Busquemos a Dios ahora que podemos hallarle, porque vendrá tiempo en que
querremos, y no podremos. «Me buscaréis, y no me hallaréis» (Joann. VII, 36);
porque entonces ya habrá expirado el plazo que Dios nos ha concedido para hacer
penitencia y asegurar nuestra salvación. Por eso dice San Agustín: que «al juez que
ha de juzgarnos de ha de aplacar antes del juicio, pero no en el juicio». Ahora,
ahora, oyentes míos, podemos aplacar a Jesucristo, enmendando nuestra vida,
abandonando la senda de los vicios y recobrando la gracia divina que perdimos por
la culpa; cuando empero nos presentemos al Juez, si nos encuentra en pecado, por
lo mismo que es justo, se verá precisado a hacer justicia, y no habrá remedio alguno
para nosotros. ¿De qué os servirá entonces haber nacido en el seno del
cristianismo? ¿De que los sacramentos instituidos por Jesucristo para vuestra
salvación? ¿De que la sangre de Cristo derramada en el árbol sacrosanto de la cruz.
De hacer más intolerables las penas del Infierno, pensando que pudisteis salvaros
tan fácilmente, y os condenasteis por vuestra culpa.
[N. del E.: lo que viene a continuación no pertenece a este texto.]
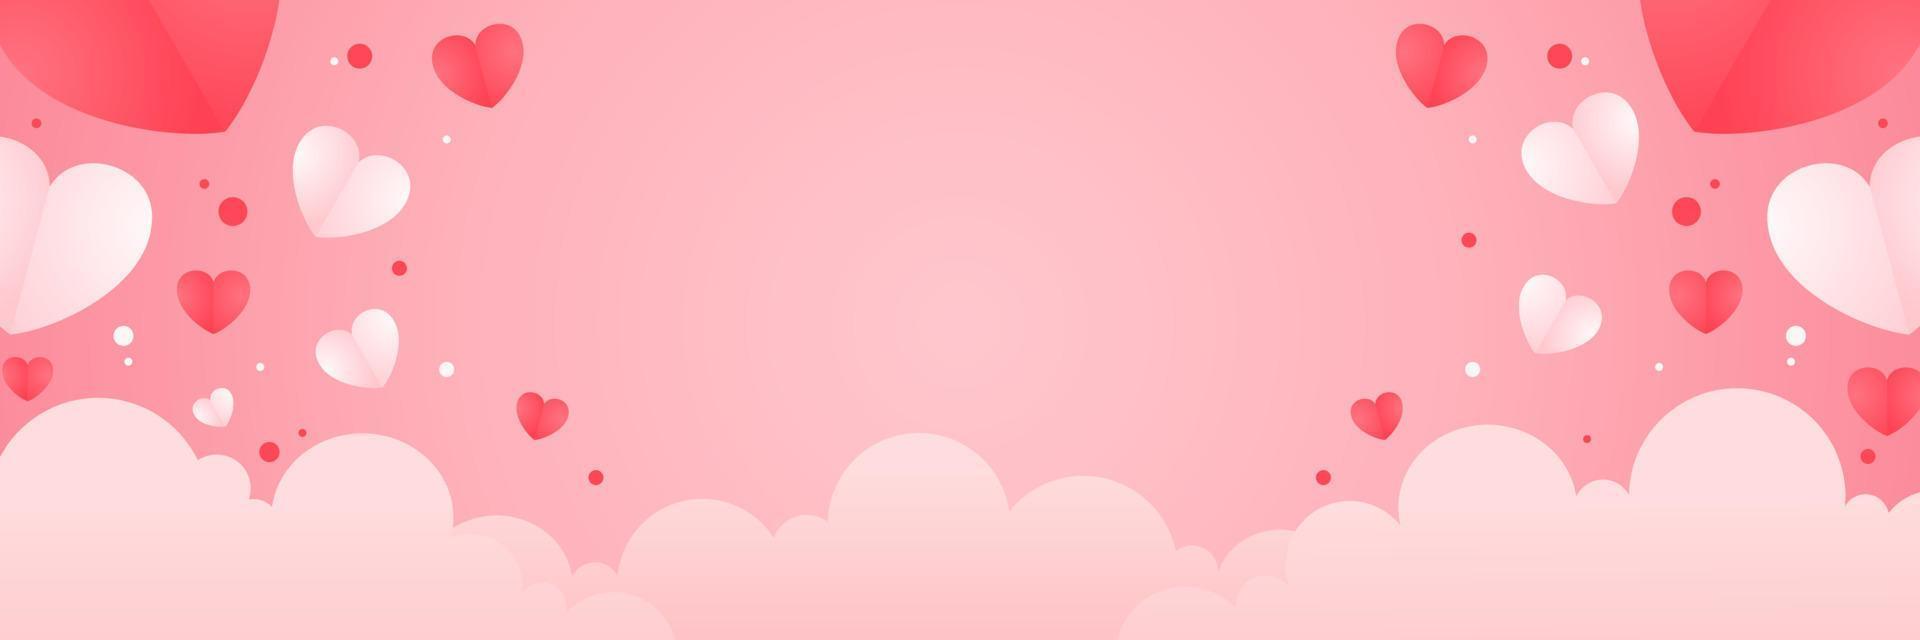 rosa hintergrund mit illustration der wolken- und herzform für valentinstagfeier und grußkarte vektor

Despertad, pues, de este letargo criminal en que os tiene adormecidos el demonio:


volveos a Jesucristo, a quien habéis abandonado por seguir a Lucifer; y os recibirá
de nuevo en su amistad, y os abrazará amoroso, como abrazó su padre al Hijo
pródigo del Evangelio, que volvió a la casa paterna cuando se vió perdido y sin
recurso en el mundo, oprimido del hambre, y del gusano roedor de la conciencia.